• _Information supplied_
━━━━

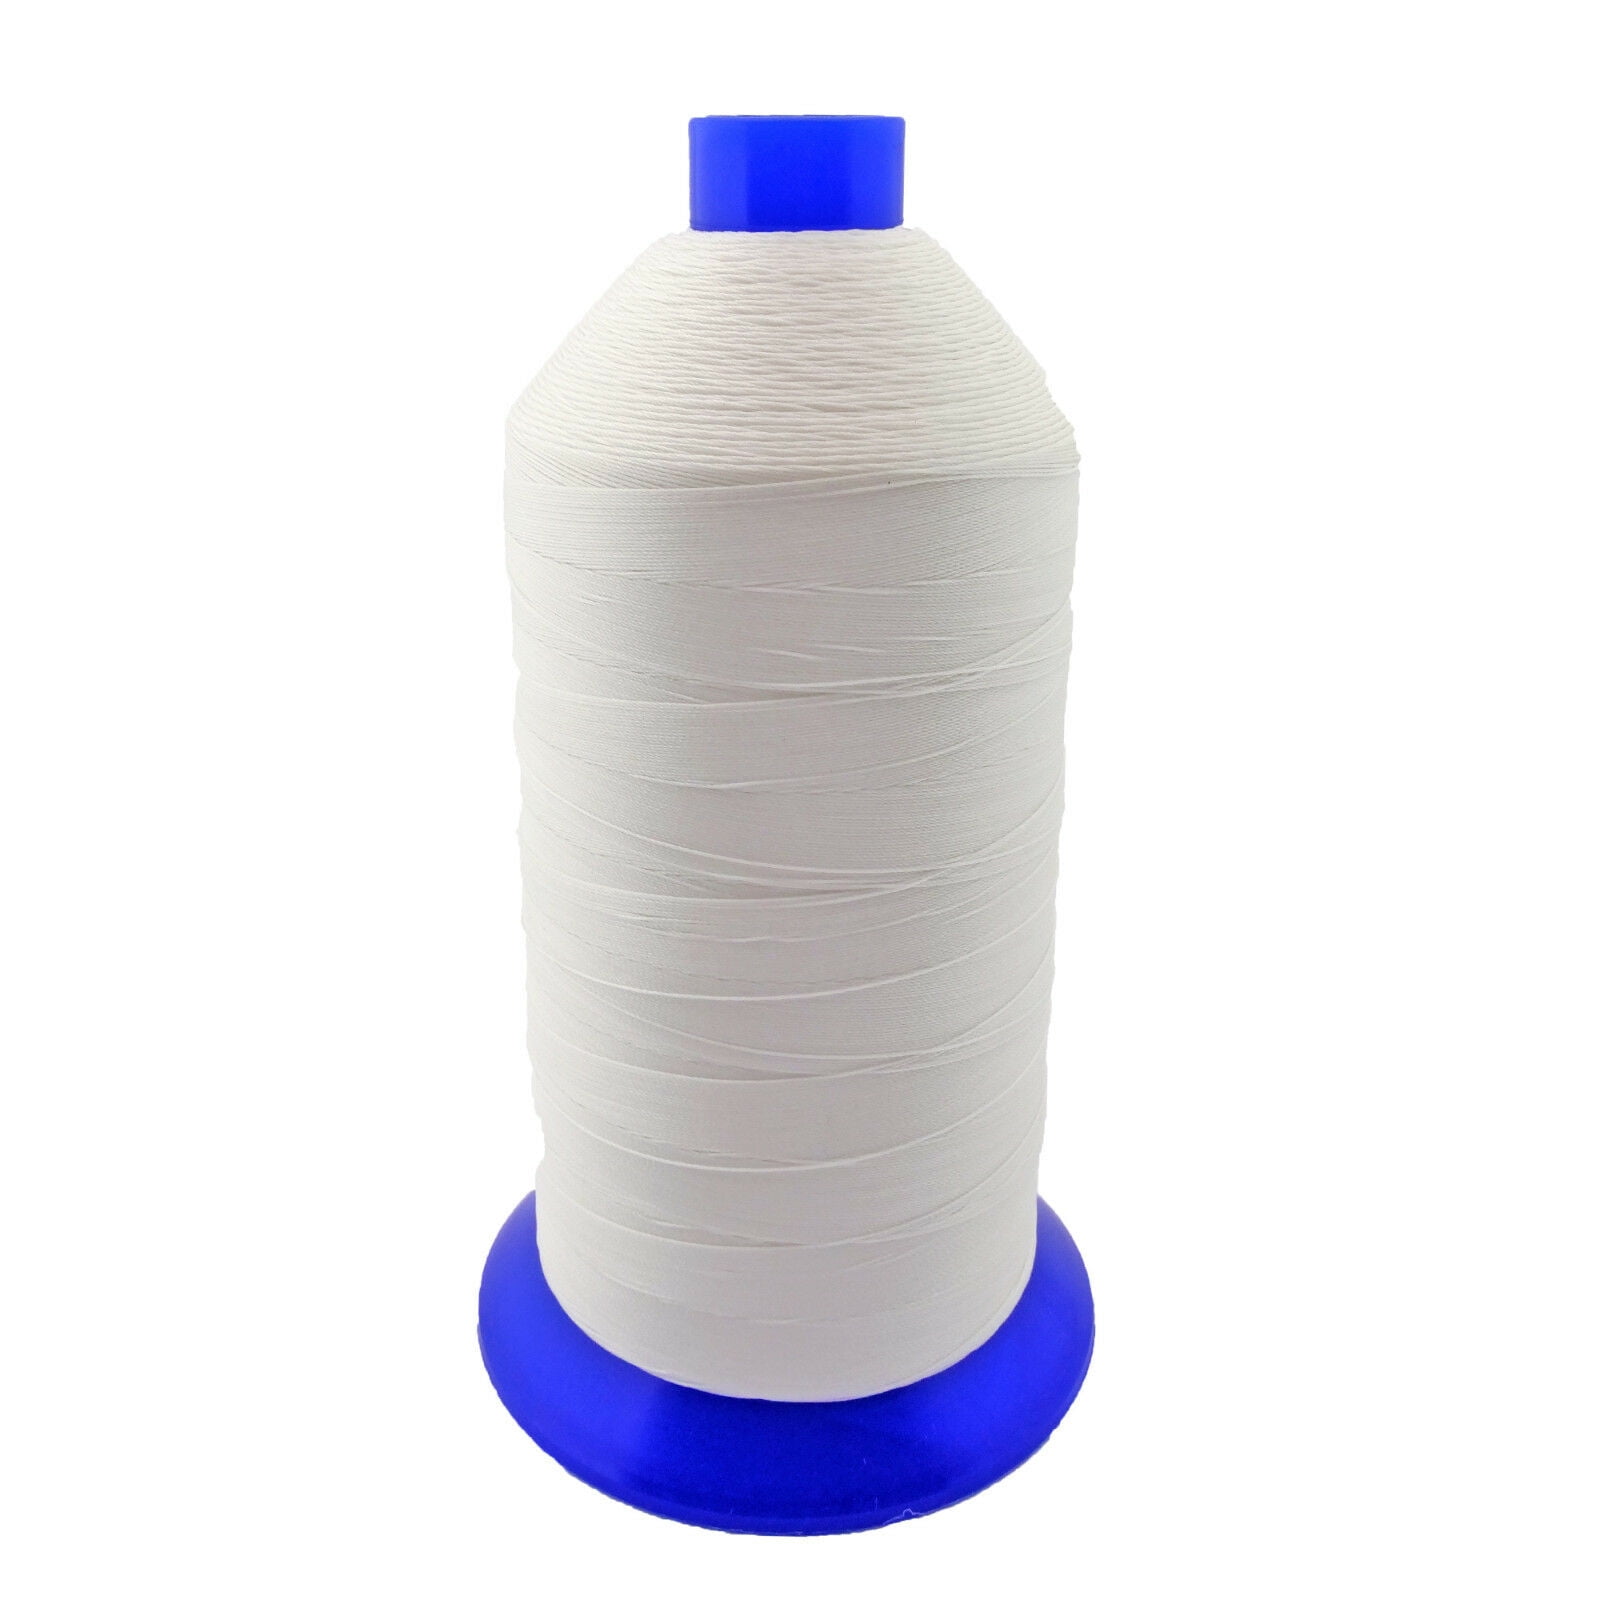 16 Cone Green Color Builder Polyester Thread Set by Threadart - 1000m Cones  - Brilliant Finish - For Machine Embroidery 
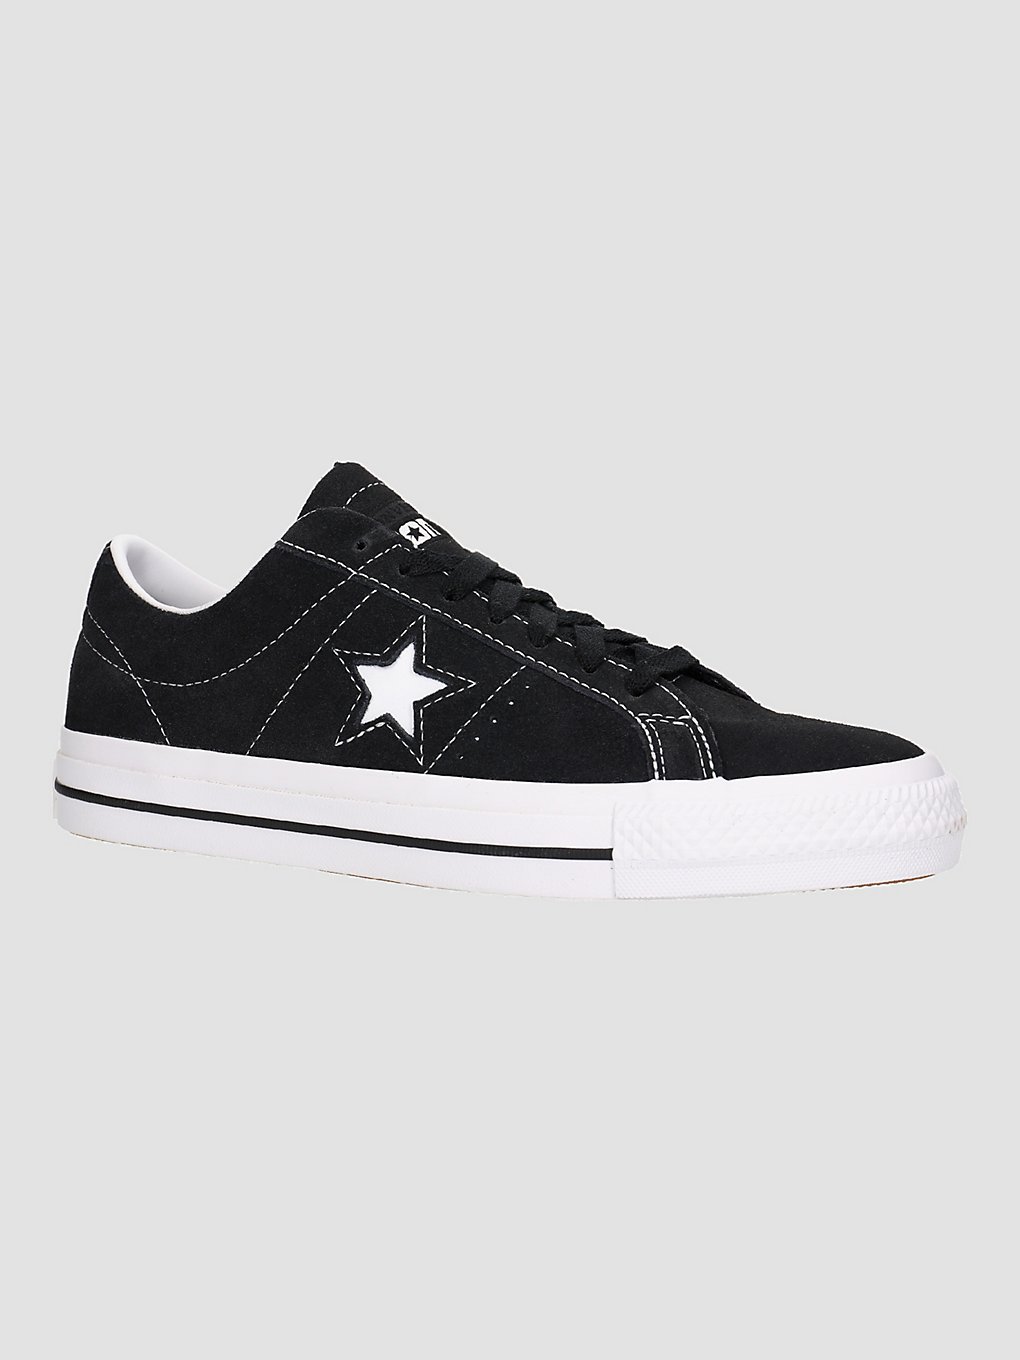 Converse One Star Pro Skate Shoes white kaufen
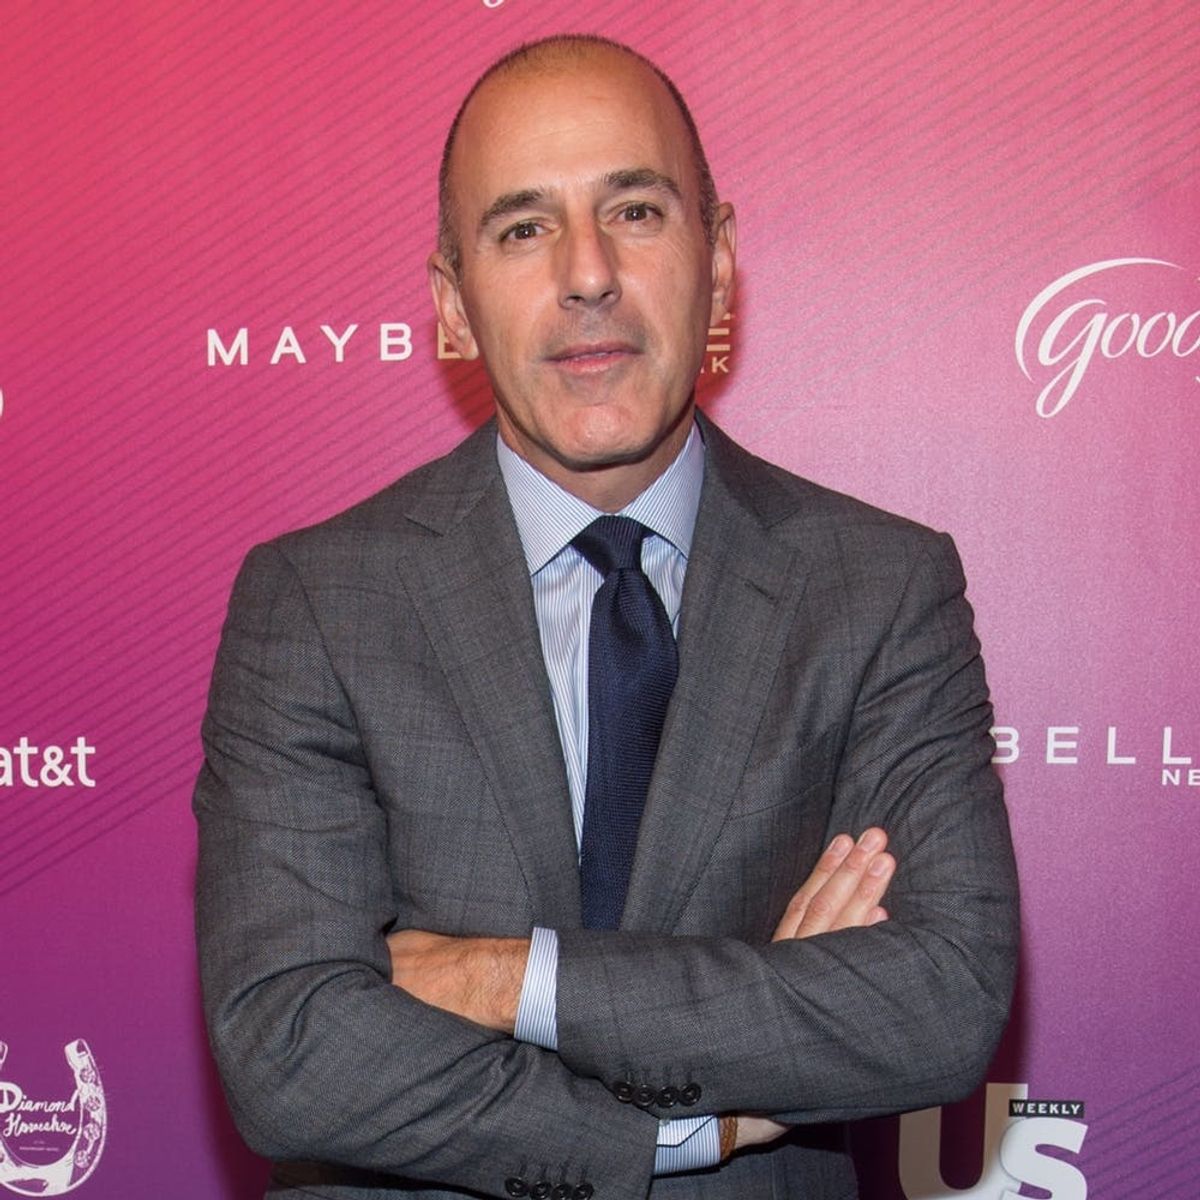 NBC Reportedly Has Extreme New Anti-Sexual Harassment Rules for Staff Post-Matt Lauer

━━━━

• _Your objective_
The line containing "Converse One Star" and every line after it, through the end of the data, are to be output exactly. Omit the pictures.

• _Solution for this problem_
 Converse One Star Pro Skate Shoes white kaufen
 NBC Reportedly Has Extreme New Anti-Sexual Harassment Rules for Staff Post-Matt Lauer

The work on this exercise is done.